MESI’s design is straightforward, but there are two areas where performance deteriorates. First, when updating an invalidate cache, you need to try to retrieve the latest data from another CPU or even memory. Second, invalidate a cache must wait for other cpus to validate it. Both of these operations are time consuming, and if the CPU waits for them, it becomes wasteful.

store buffer

To reduce the latency of writing to an invalidate cache, the Store Buffer can be introduced. Since the write is bound to happen anyway, the CPU notifies the other cpus that the cache is invalid, updates the write to the Store Buffer, and writes the result to memory after the other cpus acknowledge receipt of the write.

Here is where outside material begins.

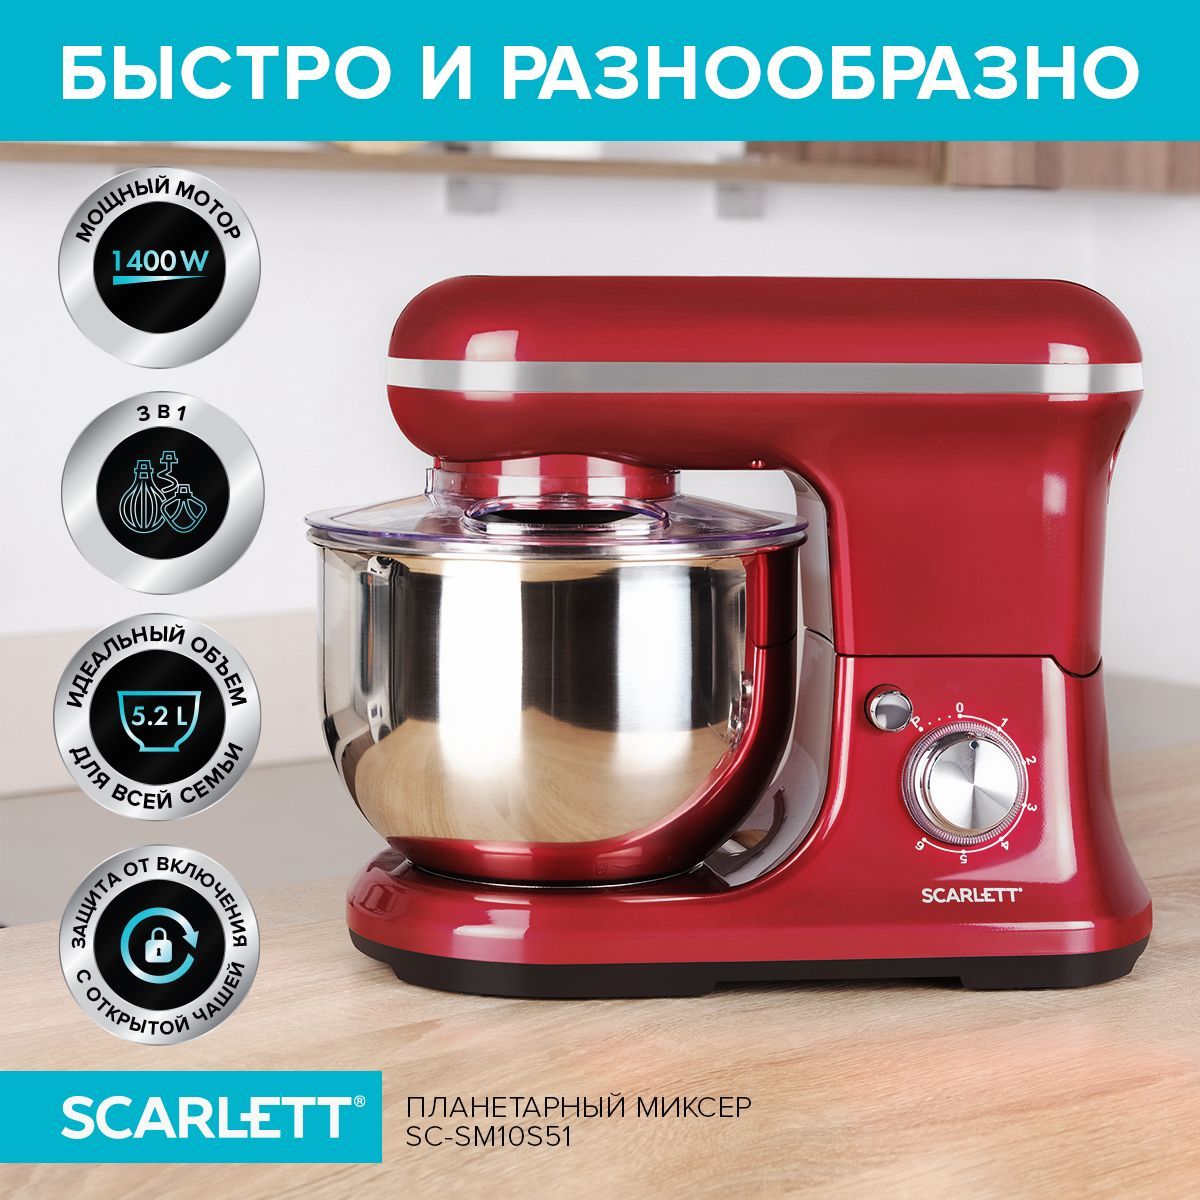 ScarlettПланетарныймиксерSC-SM10S51,1400Вт

In this way, it avoids the time spent waiting for other cpus to confirm the update, but it also causes the UPDATE to not be written to the cache in time. Therefore, when the CPU needs to read the cache, it needs to check whether the store buffer has the required data. This mechanism is called Store Forwarding. It is important to note that when a CPU reads or writes its own Store buffer, the corresponding data changes are not perceived by other cpus.

invalidate queue

When a CPU receives a message invalidating a cache, the expected behavior is for the CPU to invalidate the cache immediately. Instead of invalidating immediately, the CPU sends an acknowledgement message and then adds the invalidate operation to the Invalidate queue, which then executes at an appropriate time (not necessarily immediately). The invalidate queue is also required because the invalidate operation is expensive, and the CPU must discard the cache to perform the invalidate operation. As a result, the cache hit ratio decreases. This improves CPU performance, but at the same time, stale data may exist in the cache.

The memory barrier

The store Buffer and Invalidate Queue optimization problems were solved by a memory barrier. Memory barriers are in the hands of the people who write the programs to circumvent the problems mentioned above.

Memory barriers are classified as write barriers and read barriers. Memory barriers can be added where desired when writing programs. The write barrier forces the CPU to empty the Store Buffer. That is, all changes are written to the cache, and the changes are then written to memory, making them visible to other cpus. The read barrier forces the CPU to perform all invalidate operations in the invalidate queue, invalidating its own cache, and enabling the CPU to obtain the latest cache data from memory or other cpus.

other

At first glance, the MESI protocol looks similar to the Memory model and volatile keyword in Java, but more on that later.